Réalisé auprès de 183 dirigeants d’entreprises familiales, le baromètre met en effet en avant le rôle prépondérant du Pacte Dutreil : « Il est utilisé à hauteur de 85 % dans les transmissions. » Ce que corrobore le récent rapport de la Cour des comptes, qui pointe la montée en flèche des pactes Dutreil ces dernières années. Mais aussi la mobilisation pour sanctuariser ce pacte, malgré son coût pour les finances publiques.
Lire aussi : La Cour des comptes juge sévèrement le Pacte Dutreil : un faible retour économique au regard du coût du dispositif
Une transmission à multiples facettes
Blandine Bessin-Bazil de For talents souligne de son côté un autre aspect : « Avec ce baromètre, c’est la première fois qu’on peut mesurer avec des chiffres précis ces sujets humains et émotionnels. » 54 % des transmetteurs craignent de léguer un fardeau, et 40 % des receveurs redoutent que leur prédécesseur ait du mal à lâcher prise. Et les deux craignent que la transmission génère des tensions familiales. « On voit que la nouvelle génération des receveurs, souvent des quadras, éprouve une appétence plus forte à se faire accompagner sur ces sujets émotionnels, » constate Sébastien Vouaux, chez EY
Comme le facteur temps qui joue beaucoup : « Entre le moment où l’idée de transmettre naît dans l’esprit du dirigeant et sa réalisation dans l’entreprise avec la personne qui reprend, il peut s’écouler entre 5 et 10 ans, » rappelle Caroline Mathieu.
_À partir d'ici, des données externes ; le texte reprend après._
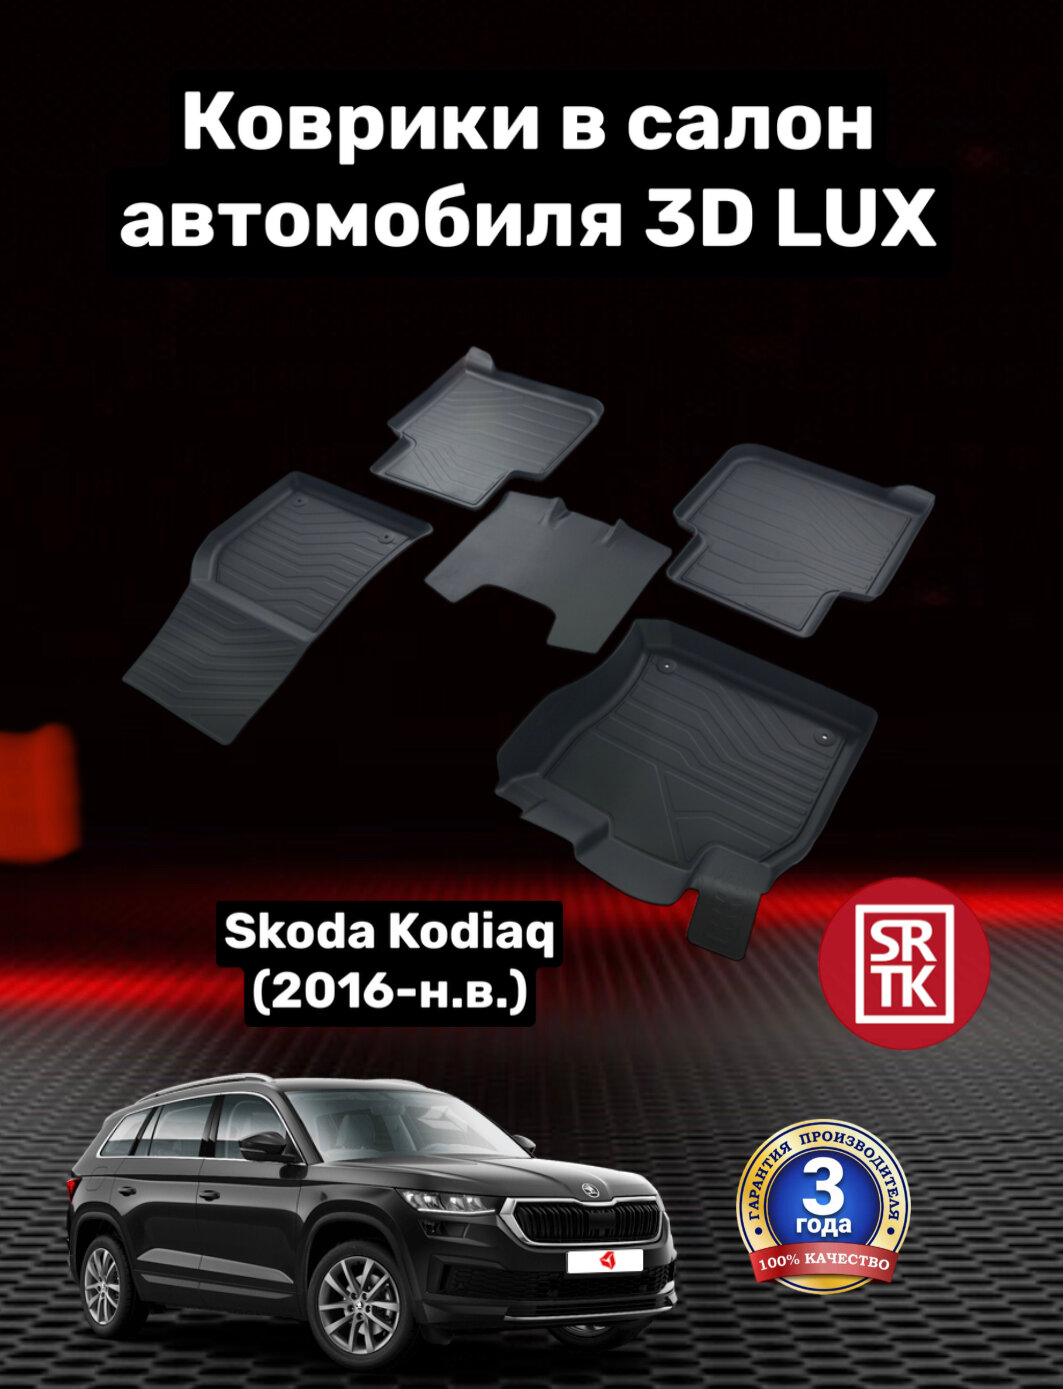 Коврики резиновые Шкода Кодиак (2016-)/Skoda Kodiaq (2016-) 3D LUX SRTK (Саранск) комплект в салон

Sachant qu’un dirigeant sur deux est en âge de transmettre, il y a une vraie urgence à anticiper. Et « si 92 % ont envie ou ont l’intention de transmettre, on voit que seulement 9 % des plus de 65 ans ont lâché à la fois pouvoir et capital, ce qui reste assez faible, » divulgue Sébastien Vouaux.
Anticiper, la règle d’or
« On voit que l’anticipation est la première des règles d’or. » Tout le travail du réseau FBN, qui organise régulièrement des rencontres pour tous des dirigeants actionnaires d’entreprises familiales sur des échanges de bonnes pratiques, et retours d’expériences.
« Il faut que la transmission soit à l’agenda des conseils d’administration, du côté de l’entreprise, comme à l’agenda des conseils de famille pour élaborer une gouvernance familiale. » Dans le baromètre, 75 % des receveurs ont mis en place une gouvernance familiale structurée entre chartes, conseils de famille ou séparation des rôles. « Communiquer en transparence pour déjà identifier s’il y a des appétences, identifier s’il faut mettre en place un certain nombre de compétences à acquérir. Si on décèle qu’il y a une envie parmi la nouvelle génération ou pas. »
Si la nouvelle génération n’est pas prête, d’autres scenarii de continuité sont possibles. « Dans 30 % des cas en France, et beaucoup plus fréquemment en Allemagne, il peut avoir séparation entre la propriété et le management, » constate la déléguée générale de FBN « le capital va rester aux mains de la famille, les actionnaires seront familiaux et ils vont déléguer le management à un dirigeant qui ne sera pas de la famille. » L’important demeurant la pérennité et la pérennité d’une entreprise familiale.